23 net-new sites identified with strong patient availability
8 high-value investigators surfaced at priority institutions
Enabled immediate site outreach and contracting workflows

Impact: Enabled a targeted, data-driven trial rescue strategy, improving enrollment potential and reducing reliance on reactive site expansion.

3. Correcting Feasibility Misalignment

Challenge: Selected sites had zero eligible patients, creating risk for enrollment delays and poor patient representation.

Approach: Validated planned sites against real-world patient data prior to activation to ensure alignment with protocol-specific populations.

Results:

Flagged sites with zero eligible patients early in the feasibility process
Identified 42 net-new sites across 18 institutions with aligned patient populations
Prioritized 7 high-value institutions for immediate outreach

Impact: Prevented costly feasibility misalignment by ensuring sites were selected based on actual patient availability, improving both enrollment potential and study representation from the outset.

4. Data Validation and Feasibility Benchmarking

Challenge: Limited ability to validate feasibility assumptions across multiple tumor types and indications.

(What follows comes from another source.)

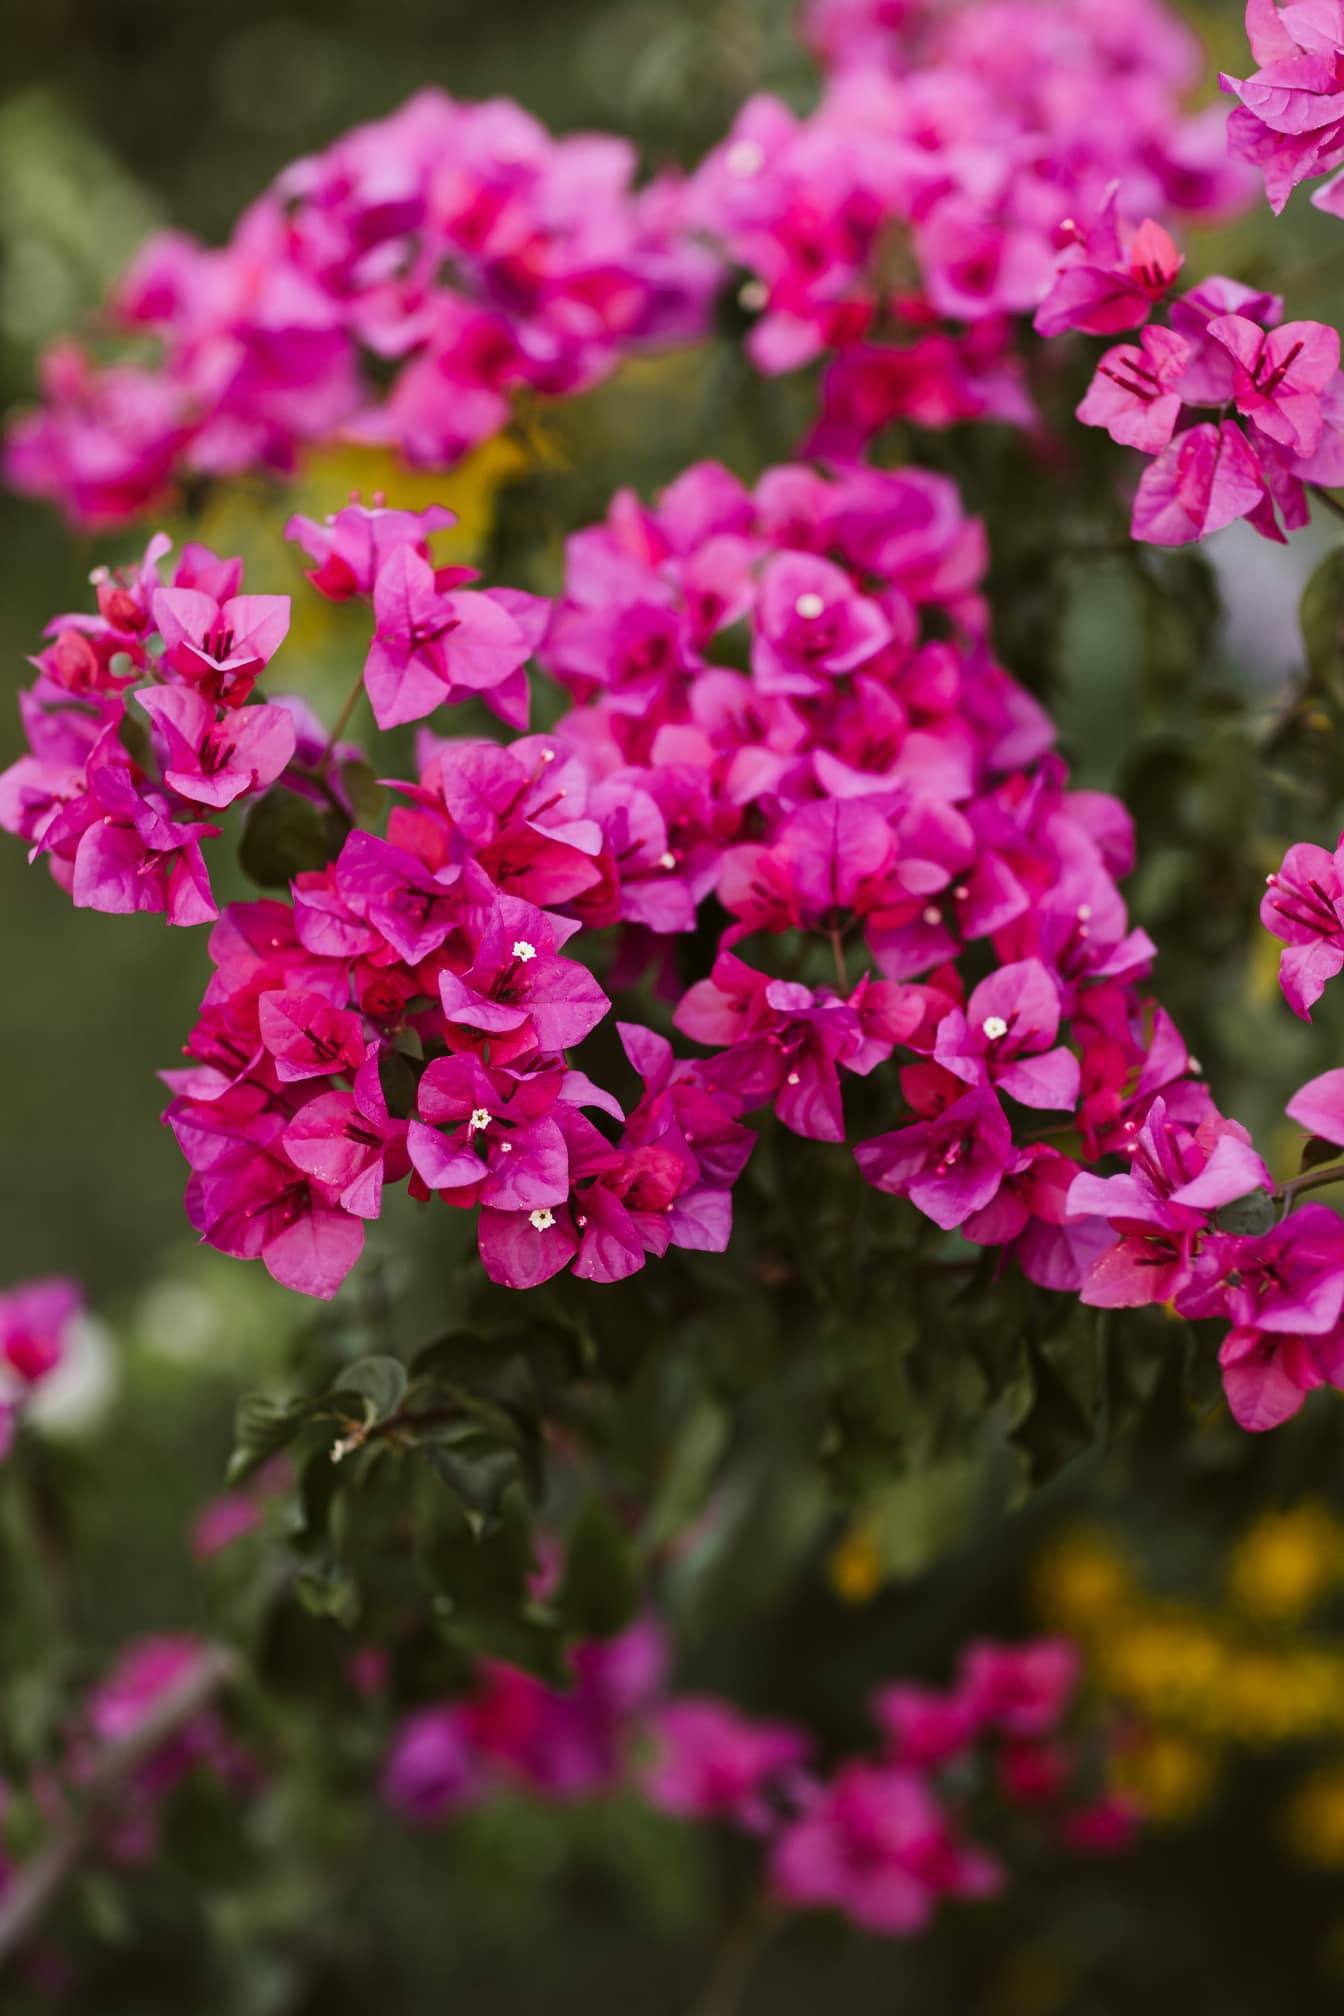 小九重葛或纸花 (Bougainvillea glabra) 粉红色花瓣灌木

Approach: Leveraged integrated data across investigators, patients, and historical trials to validate feasibility and benchmark against similar studies.

Results:

618 investigators identified with relevant patient populations and trial experience
200 aligned sites identified across multiple indications
Benchmarked against 26 similar studies to inform feasibility strategy

Impact: Enabled granular, indication-level feasibility planning, improving trial design, site selection accuracy, and overall study execution timelines.

Why Sponsors Switch to H1 for Site Selection and Feasibility

Across trial planning, enrollment rescue, and feasibility validation, the sponsor found that H1’s AI-driven approach delivered measurable advantages over legacy tools, particularly in identifying net-new investigators and aligning sites to real patient populations.

Users consistently rated the platform highly for both effectiveness and usability (≥4/5), citing faster search workflows and access to site and investigator insights not available through other solutions. In practice, this translated into meaningful network expansion, with teams increasing their investigator pools by 10–15%+ and consistently identifying new, qualified investigators for every study.

Just as importantly, the platform improved confidence in feasibility decisions by enabling teams to identify investigators capable of enrolling representative patient populations—something traditional approaches often fail to validate early.